Formerly cultivated plants

Extinct agricultural crops, or lost crops, are crops that were once cultivated, but have become extinct over time, or have not been maintained in cultivation. This decline has been driven by modern farming practices, climate change, and shifts in consumer preferences. Preserving this agricultural heritage is essential for maintaining food diversity, supporting cultural traditions, and promoting food security in the face of global challenges.

== Examples of lost crops ==
=== Eastern North America ===
Before maize (corn) became the dominant crop, Native Americans in Eastern North America cultivated a variety of native crops for sustenance. This group of plants, known as the Eastern Agricultural Complex, included species such as erect knotweed (Polygonum erectum), goosefoot (Chenopodium berlandieri), sumpweed (Iva annua), maygrass (Phalaris caroliniana), and little barley (Hordeum pusillum). These crops were dietary staples for thousands of years. However, as maize farming became more widespread, the cultivation of these native crops declined and eventually faded from general agricultural practices.

=== Andean region ===
In the high mountains of South America, indigenous communities have long cultivated a variety of root crops alongside the well-known potato (Solanum tuberosum). Some of these lesser-known tubers include oca (Oxalis tuberosa), mashua (Tropaeolum tuberosum), and ulluco (Ullucus tuberosus). These root crops thrive in harsh mountain climates and have played a crucial role in the diets and cultures of Andean communities. However, factors such as colonial influence, intensive agriculture, and globalization have led to a decline in the cultivation of these traditional crops.

===Africa===
African lost crops include the native rice Oryza glaberrima and Ethiopian oats.

===Kashmir===
Kashmiri lost crops include the buckwheat species, Fagopyrum esculentum and Fagopyrum tataricum, and the minor millets, Setaria italica and Panicum miliaceum.
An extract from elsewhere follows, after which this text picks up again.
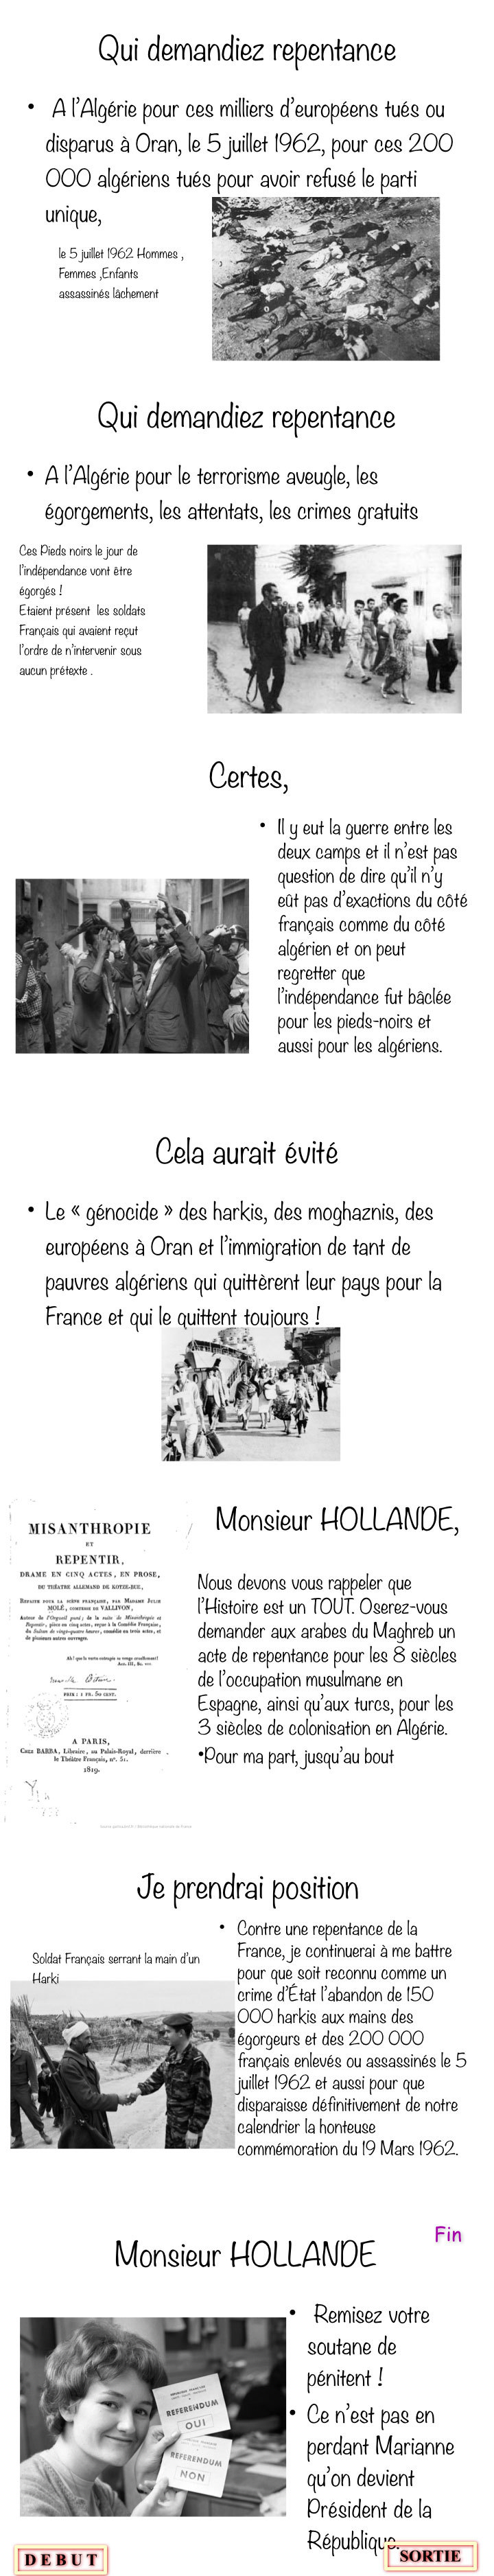 La repentance de Hollande
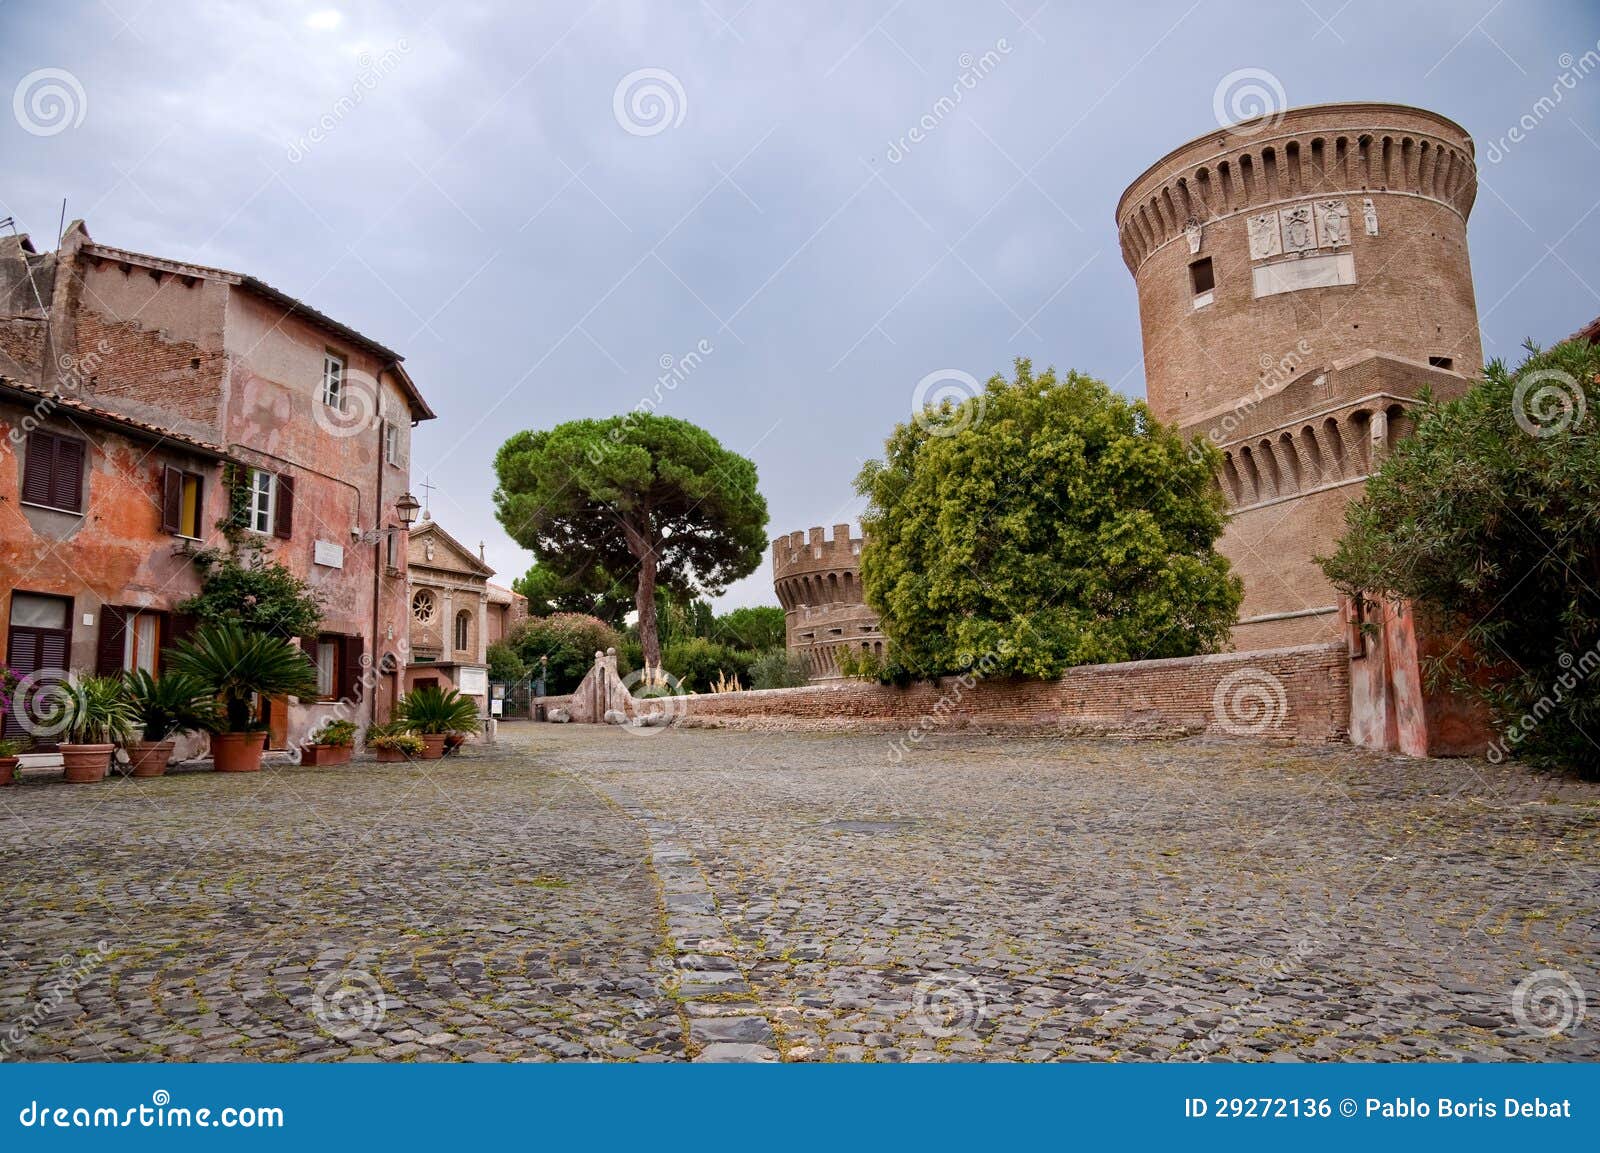 borgo di ostia antica and castello di giulio ii at rome

== Impact of industrial agriculture and monoculture ==
Industrial agriculture, which features massive mechanised farming operations, has revolutionised food production and consumption patterns. The growth of industrial farming systems pushed traditional farming diversity into marginalisation. The core element of industrial agriculture is monoculture which involves planting one crop across large agricultural areas. Monoculture makes it easier to plant and harvest crops and produces immediate financial profits. The trend of agricultural production toward fewer but larger farms has resulted in decreased crop diversity. The elimination of diverse plant species through monoculture production harms both pollinators and wildlife populations, which depend on these species for survival thus disrupting natural ecological systems.